--- DATA EXCERPTS Enclosed Below ---
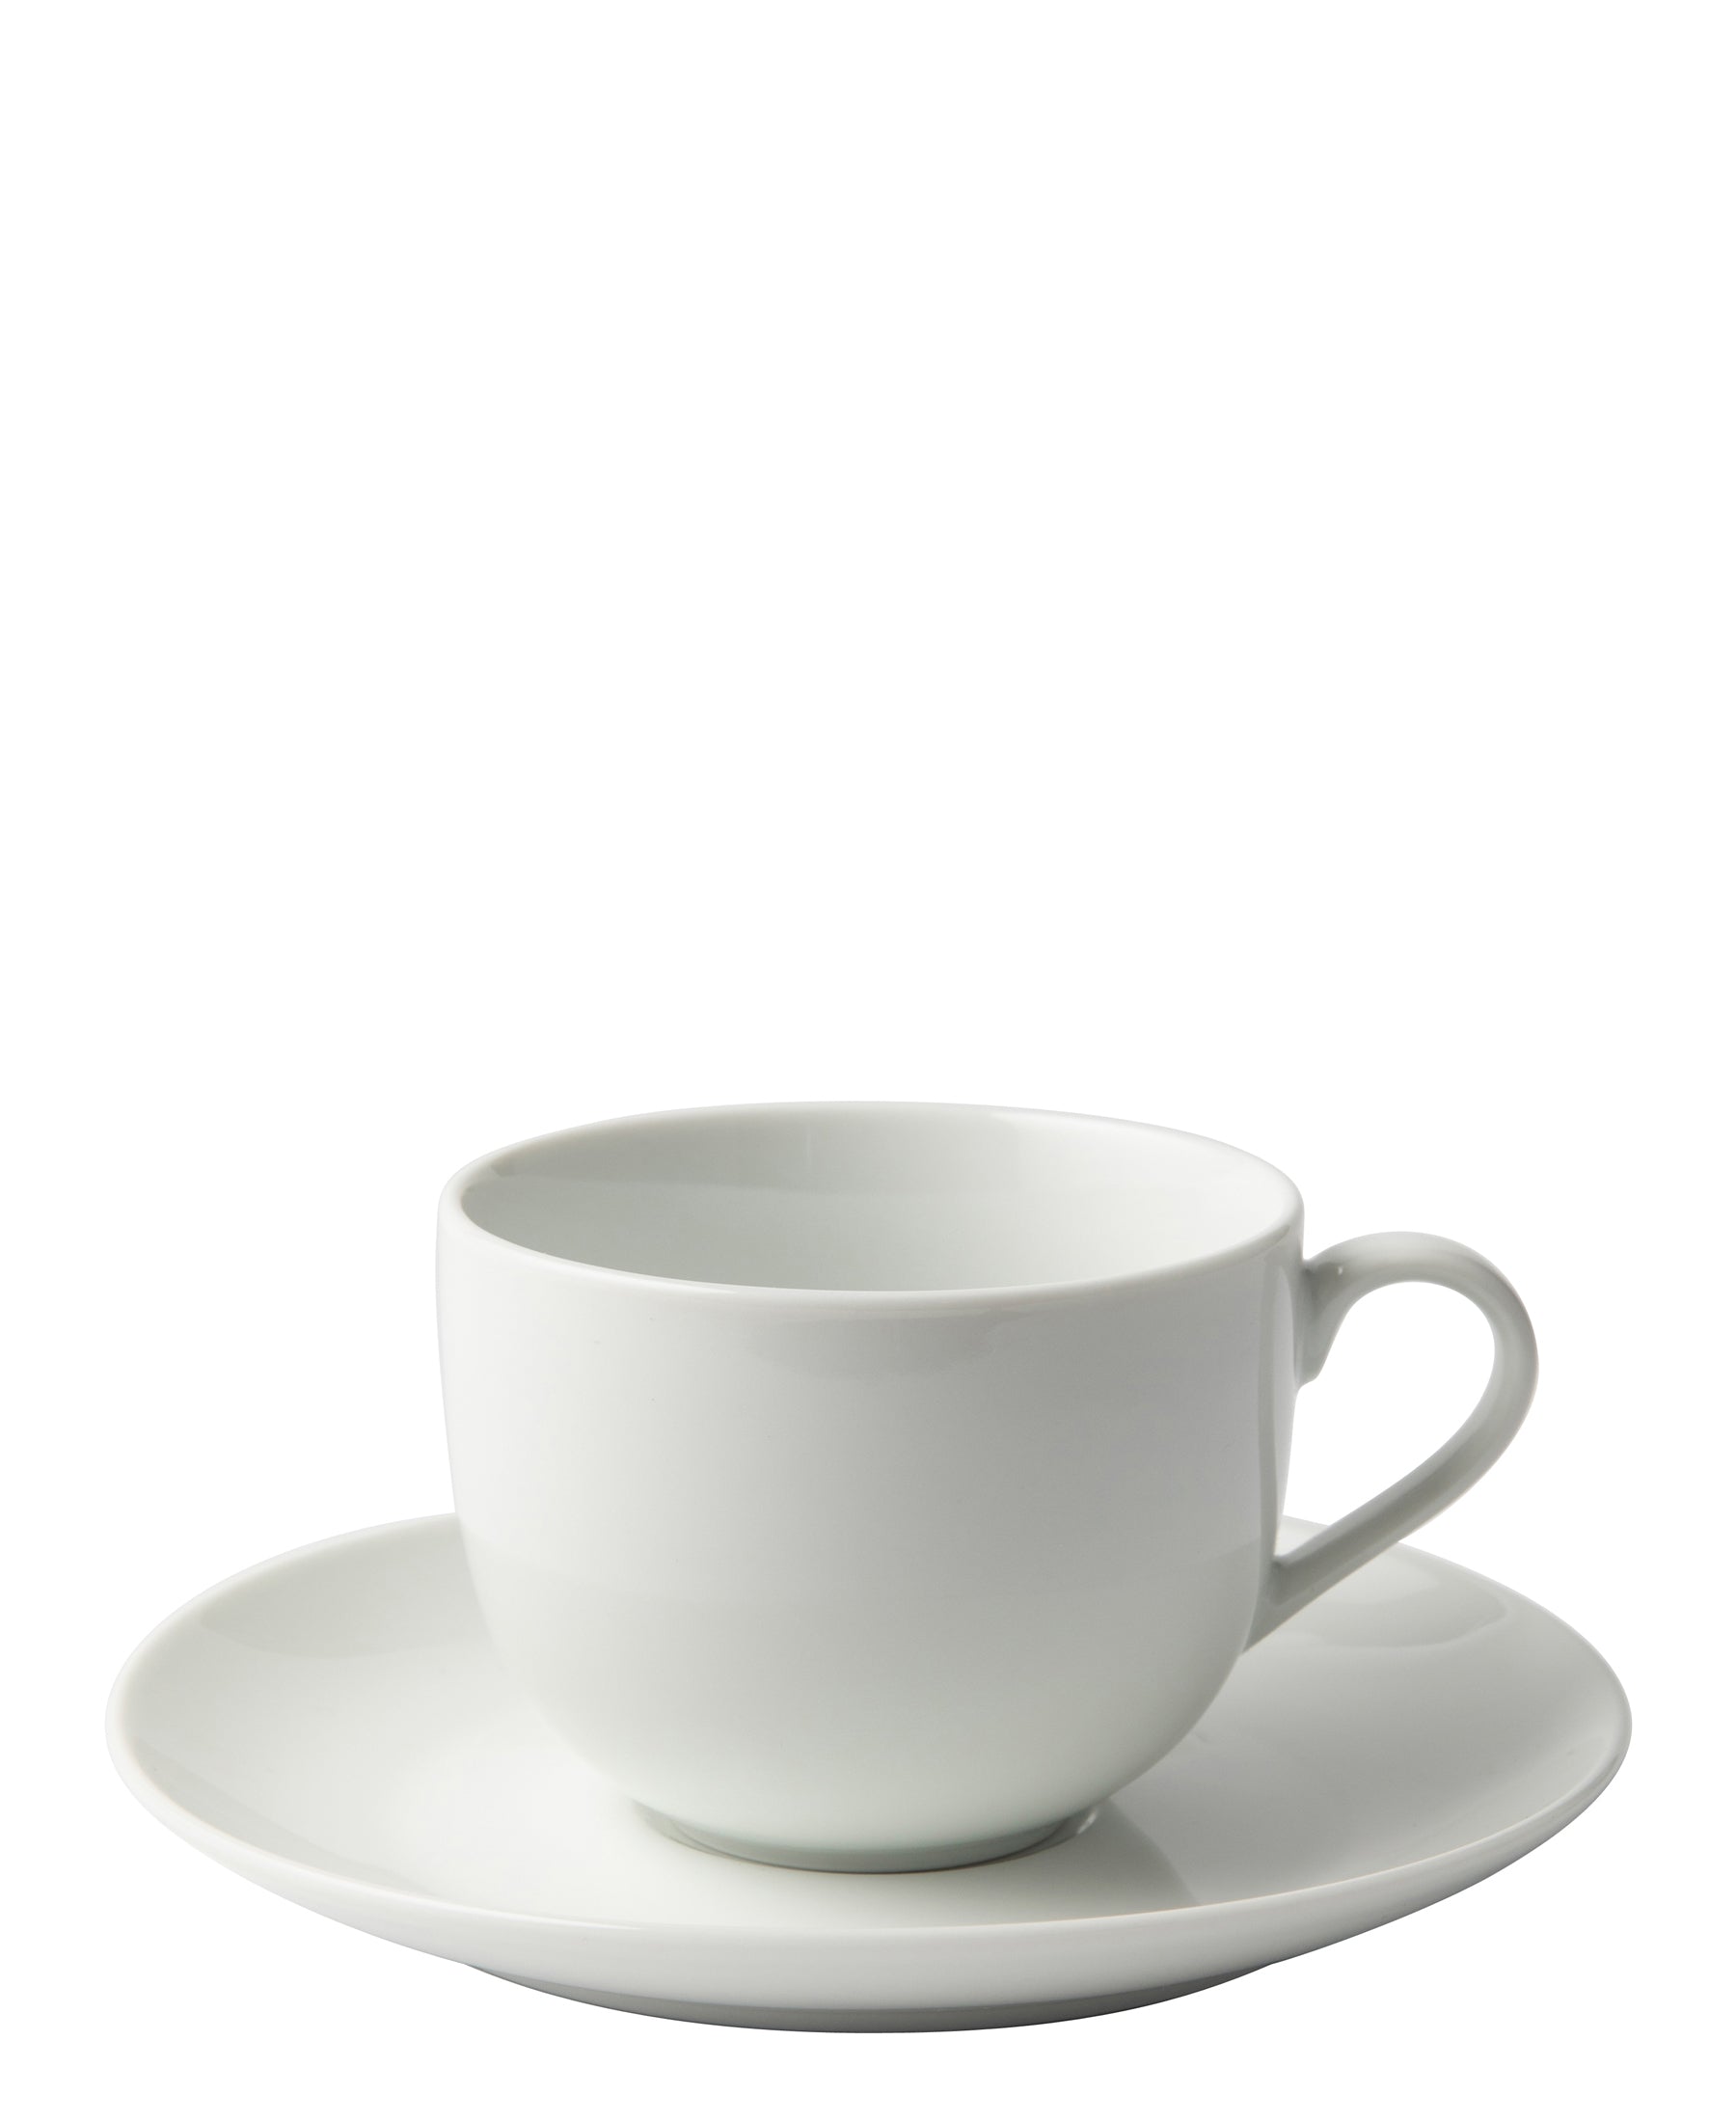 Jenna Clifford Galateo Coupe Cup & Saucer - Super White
--- End of Enclosed DATA EXCERPTS ---
--- DATA EXCERPTS Enclosed Below ---
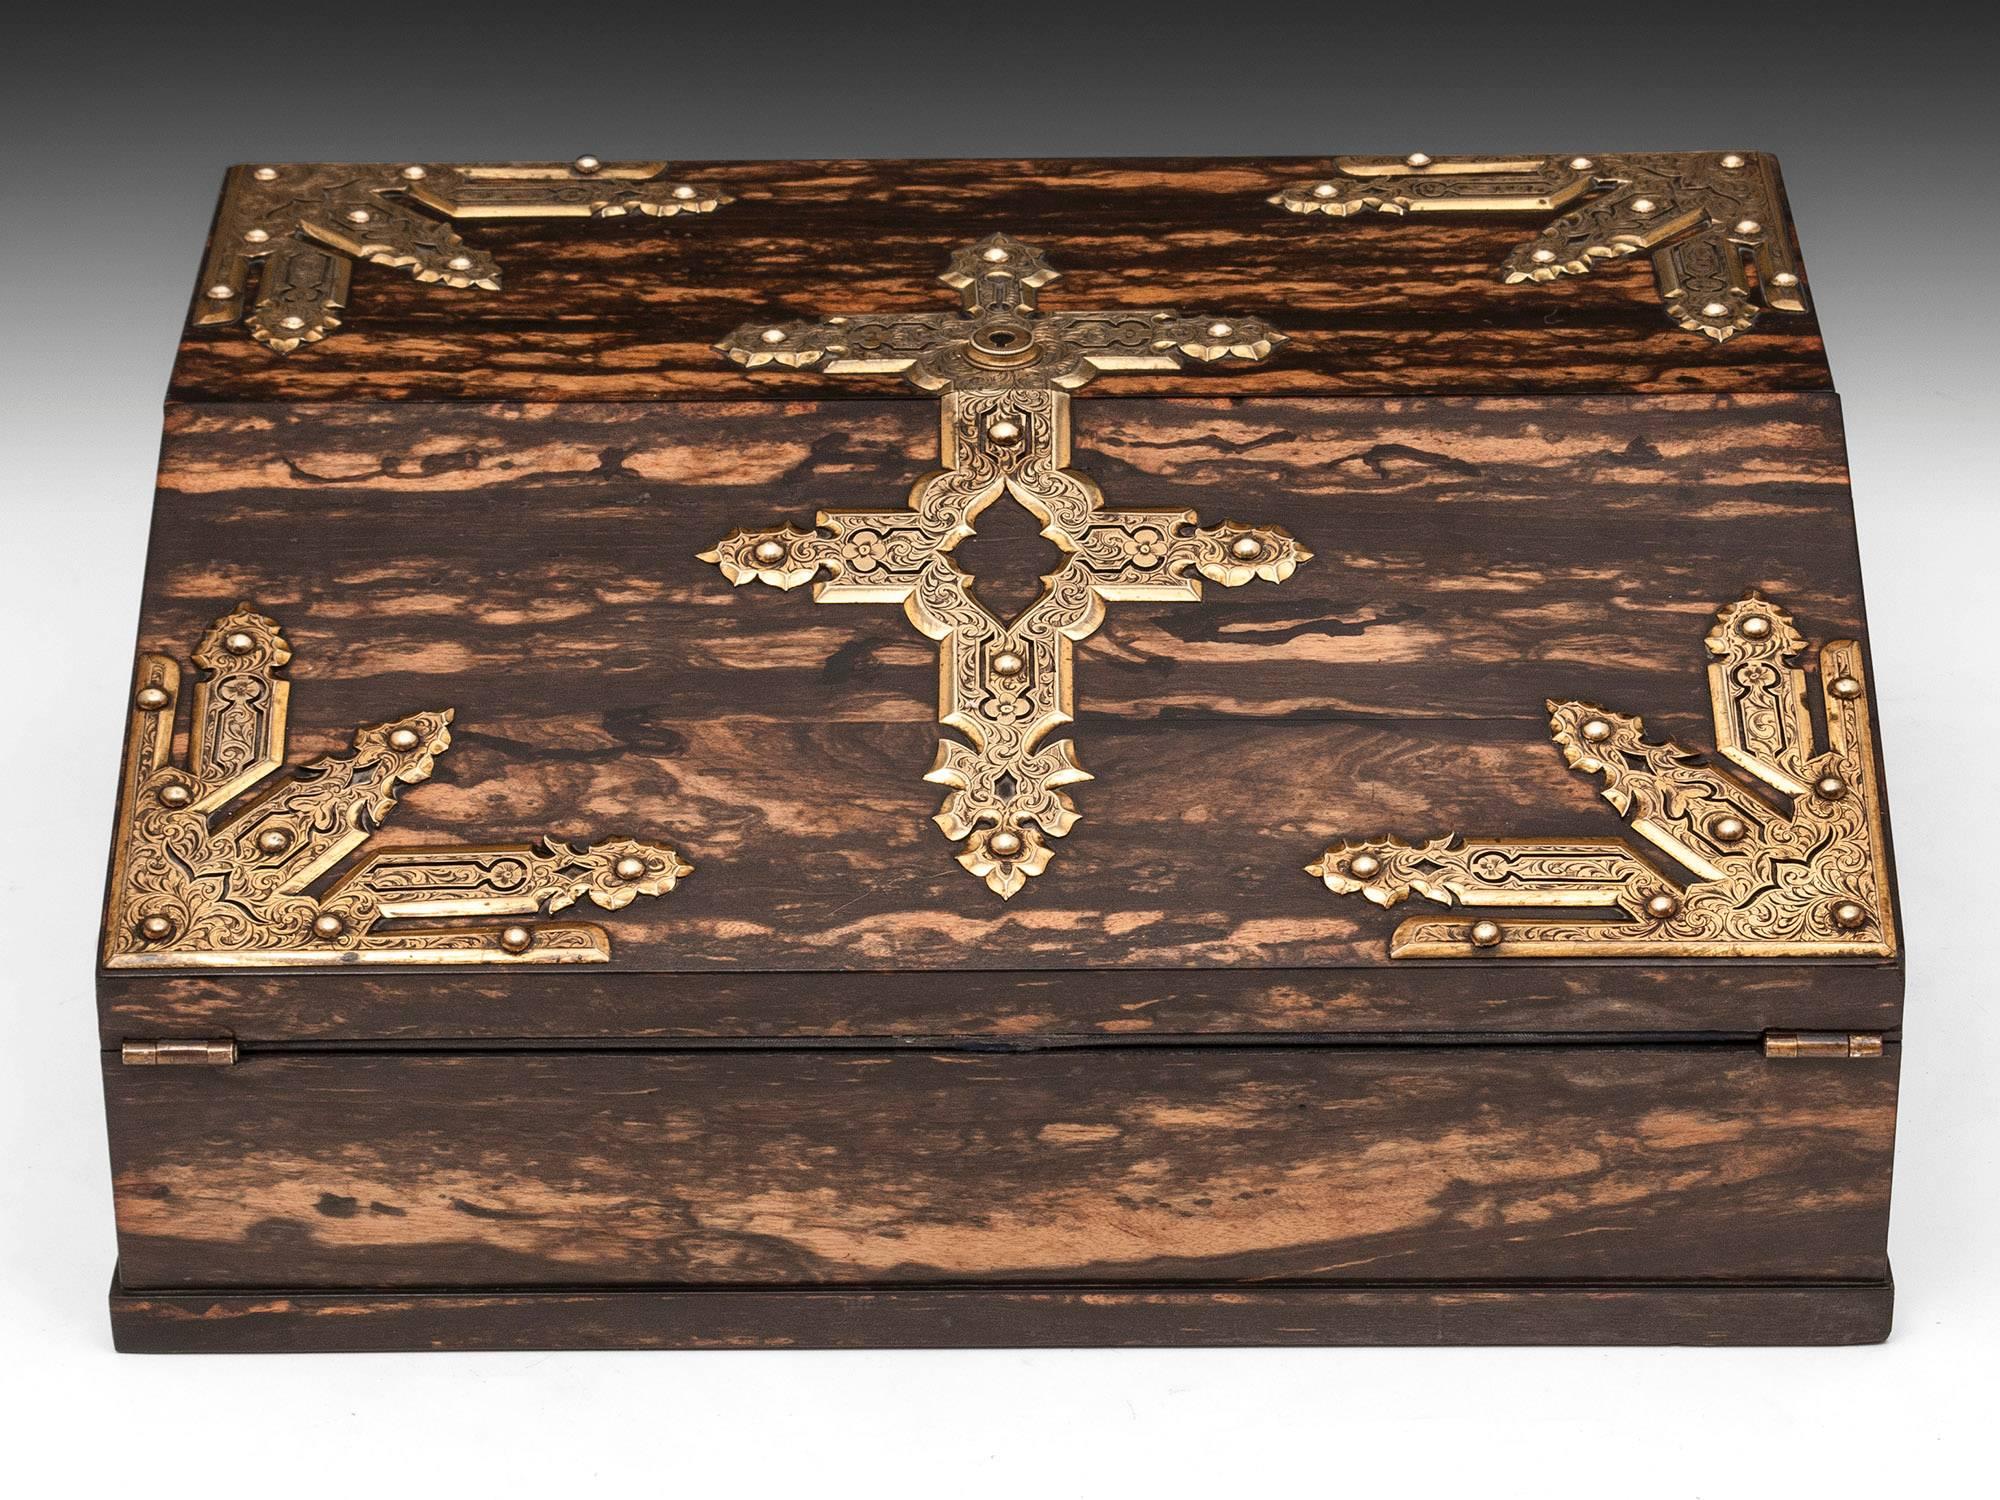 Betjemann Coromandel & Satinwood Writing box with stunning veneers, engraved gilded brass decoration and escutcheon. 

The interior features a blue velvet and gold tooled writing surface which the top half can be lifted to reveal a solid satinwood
--- End of Enclosed DATA EXCERPTS ---
--- DATA EXCERPTS Enclosed Below ---
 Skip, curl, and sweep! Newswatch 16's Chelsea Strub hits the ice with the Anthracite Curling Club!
--- End of Enclosed DATA EXCERPTS ---
TRY IT: In the records above, copy exactly everything from the line that has "Betjemann Coromandel &" down to the line that has "The interior features", both ends included, and leave out the pictures.

TASK RESULT:
 Betjemann Coromandel & Satinwood Writing box with stunning veneers, engraved gilded brass decoration and escutcheon. 

The interior features a blue velvet and gold tooled writing surface which the top half can be lifted to reveal a solid satinwood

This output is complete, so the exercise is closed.